Caller: Is the coast clear?
Wife: How the hell should I know!
Then again she goes back to sleep and sure enough 20 minutes later the same thing happens.....and the wife gets irritated...again...
Wife: Hello😡
Caller: Is the coast clear?
Wife: Listen how would I know if the coast is clear...I don't leave anywhere near the beach....Why don't you try calling the weather channel!!!!!!!!!
Edited by daboo89 - 15 years ago
Dhabu89 thumbnail
15th Anniversary Thumbnail Rocker Thumbnail
Posted: 15 years ago
#38
A blonde jokes:
A police officer pulls over a blonde driver and asks her for her license:
Cop: Can I see your drives license and your registration please!
Blonde: I can show you my registration but I don't have my license!
Cop: Why don't you have your license?
Blonde: (mad as hell by now) You know I wish you cops would do a better job of communicating with each other.....Yesterday one cop took away my license and her you are asking me for it! STUPID COPS!!
Edited by daboo89 - 15 years ago
Dhabu89 thumbnail
15th Anniversary Thumbnail Rocker Thumbnail
Posted: 15 years ago
#39

In a high school civics class, they were discussing the qualifications for becoming President of the United States. The requirements are pretty simple. The candidate must be a natural born citizen and at least 35 years old.

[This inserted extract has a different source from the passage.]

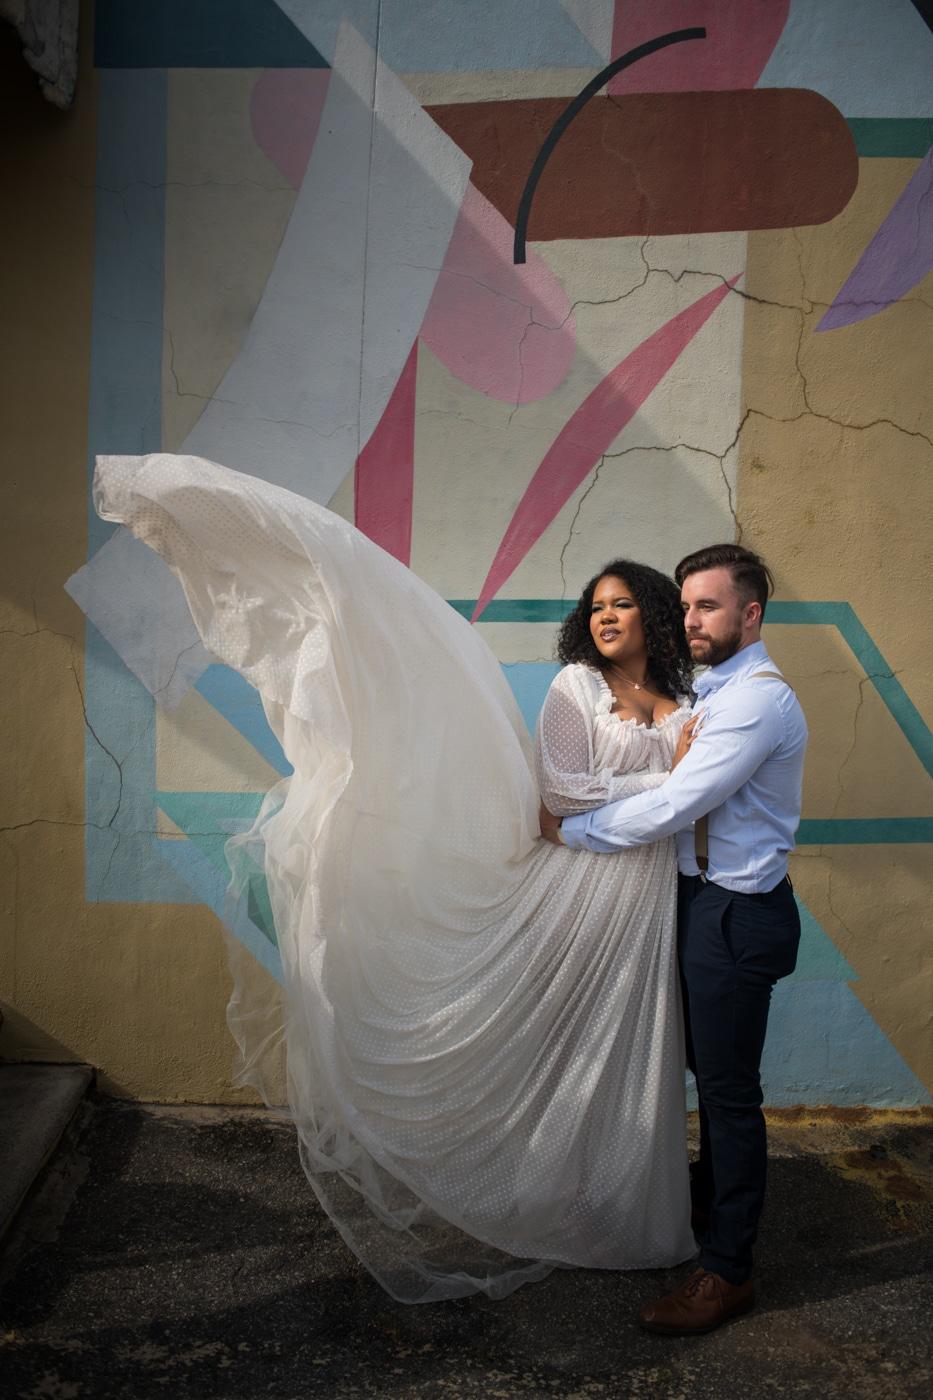 groom hugs bride with dress floating in air by mural in Athens, GA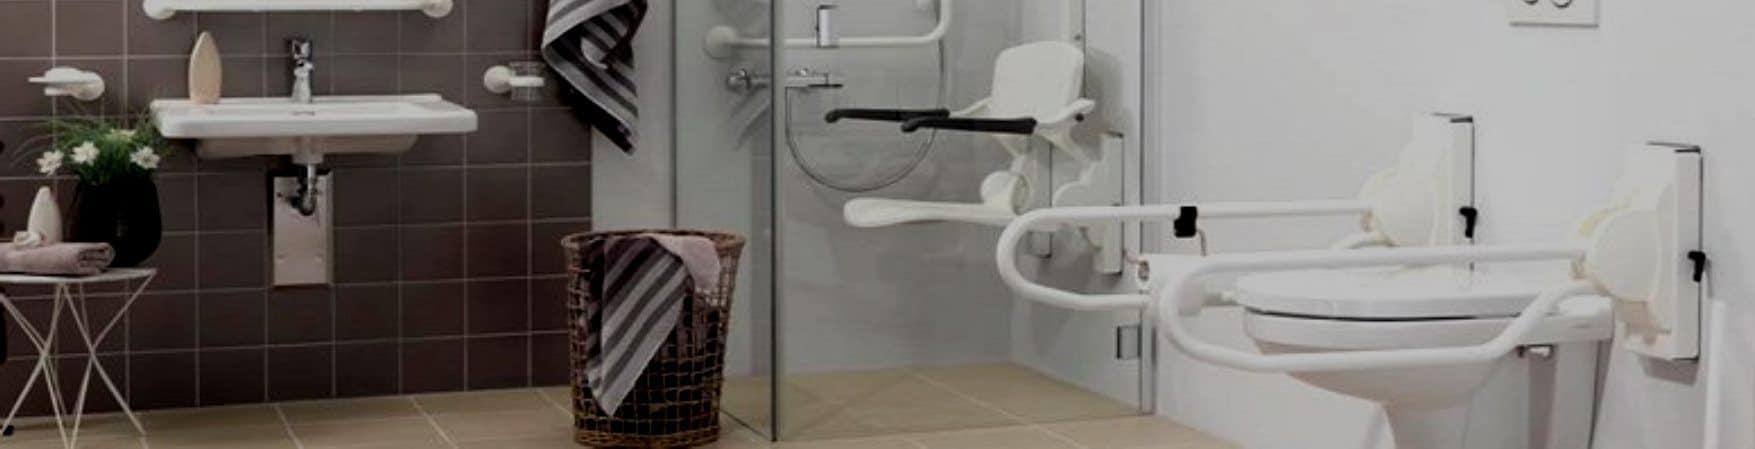 Remodelações de casas de banho mobilidade reduzida

A blonde girl in the class piped up and began complaining about how unfair it was to require the candidate to be a natural born citizen. In her opinion, that made it impossible for many qualified people to run for the office. She went on and on, wrapping up her argument with "What makes a natural born citizen more qualified to be President than one born by C-Section?"

Dhabu89 thumbnail
15th Anniversary Thumbnail Rocker Thumbnail
Posted: 15 years ago
#40

A blonde and a redhead met for dinner after work and were watching the 6 o'clock news. A man was shown threatening to jump from the Brooklyn Bridge. The blonde bet the redhead $50 that he wouldn't jump, and the redhead replied, "I'll take that bet!"

Anyway, sure enough, he jumped, so the blonde gave the redhead the $50 she owned. The redhead said, "I can't take this, you're my friend." The blonde said, "No. A bet's a bet."

So the redhead said, "Listen, I have to admit, I saw this one on the 5 o'clock news, so I can't take your money."

The blonde replied, "Well, so did I, but I never thought he'd jump again!"